## Exercise objective
Print the entries exactly as given.

## Supplied entries
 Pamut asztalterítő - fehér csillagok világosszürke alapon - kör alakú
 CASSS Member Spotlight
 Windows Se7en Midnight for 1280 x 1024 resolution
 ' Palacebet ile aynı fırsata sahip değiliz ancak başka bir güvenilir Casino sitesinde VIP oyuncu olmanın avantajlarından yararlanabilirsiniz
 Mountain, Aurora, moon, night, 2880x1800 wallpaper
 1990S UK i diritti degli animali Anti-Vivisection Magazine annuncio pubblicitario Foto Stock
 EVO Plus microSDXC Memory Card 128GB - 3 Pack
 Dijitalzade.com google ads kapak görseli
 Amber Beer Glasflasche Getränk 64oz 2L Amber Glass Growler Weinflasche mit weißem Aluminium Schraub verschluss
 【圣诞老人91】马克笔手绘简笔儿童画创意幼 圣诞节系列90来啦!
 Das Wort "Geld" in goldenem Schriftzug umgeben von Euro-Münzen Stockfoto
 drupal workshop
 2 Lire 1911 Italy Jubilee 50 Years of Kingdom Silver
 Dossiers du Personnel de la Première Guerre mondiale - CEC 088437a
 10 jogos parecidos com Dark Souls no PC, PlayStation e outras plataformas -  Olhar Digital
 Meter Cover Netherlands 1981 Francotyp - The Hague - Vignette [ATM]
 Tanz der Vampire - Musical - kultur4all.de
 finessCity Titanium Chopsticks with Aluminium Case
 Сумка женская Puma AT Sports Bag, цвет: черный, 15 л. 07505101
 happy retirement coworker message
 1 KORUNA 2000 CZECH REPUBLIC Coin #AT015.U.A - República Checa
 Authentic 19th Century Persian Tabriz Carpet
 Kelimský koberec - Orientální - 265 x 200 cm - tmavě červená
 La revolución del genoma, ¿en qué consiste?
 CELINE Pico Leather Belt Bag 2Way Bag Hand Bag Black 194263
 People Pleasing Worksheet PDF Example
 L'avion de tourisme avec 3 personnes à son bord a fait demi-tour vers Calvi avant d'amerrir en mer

## Solution to this problem
 Pamut asztalterítő - fehér csillagok világosszürke alapon - kör alakú
 CASSS Member Spotlight
 Windows Se7en Midnight for 1280 x 1024 resolution
 ' Palacebet ile aynı fırsata sahip değiliz ancak başka bir güvenilir Casino sitesinde VIP oyuncu olmanın avantajlarından yararlanabilirsiniz
 Mountain, Aurora, moon, night, 2880x1800 wallpaper
 1990S UK i diritti degli animali Anti-Vivisection Magazine annuncio pubblicitario Foto Stock
 EVO Plus microSDXC Memory Card 128GB - 3 Pack
 Dijitalzade.com google ads kapak görseli
 Amber Beer Glasflasche Getränk 64oz 2L Amber Glass Growler Weinflasche mit weißem Aluminium Schraub verschluss
 【圣诞老人91】马克笔手绘简笔儿童画创意幼 圣诞节系列90来啦!
 Das Wort "Geld" in goldenem Schriftzug umgeben von Euro-Münzen Stockfoto
 drupal workshop
 2 Lire 1911 Italy Jubilee 50 Years of Kingdom Silver
 Dossiers du Personnel de la Première Guerre mondiale - CEC 088437a
 10 jogos parecidos com Dark Souls no PC, PlayStation e outras plataformas -  Olhar Digital
 Meter Cover Netherlands 1981 Francotyp - The Hague - Vignette [ATM]
 Tanz der Vampire - Musical - kultur4all.de
 finessCity Titanium Chopsticks with Aluminium Case
 Сумка женская Puma AT Sports Bag, цвет: черный, 15 л. 07505101
 happy retirement coworker message
 1 KORUNA 2000 CZECH REPUBLIC Coin #AT015.U.A - República Checa
 Authentic 19th Century Persian Tabriz Carpet
 Kelimský koberec - Orientální - 265 x 200 cm - tmavě červená
 La revolución del genoma, ¿en qué consiste?
 CELINE Pico Leather Belt Bag 2Way Bag Hand Bag Black 194263
 People Pleasing Worksheet PDF Example
 L'avion de tourisme avec 3 personnes à son bord a fait demi-tour vers Calvi avant d'amerrir en mer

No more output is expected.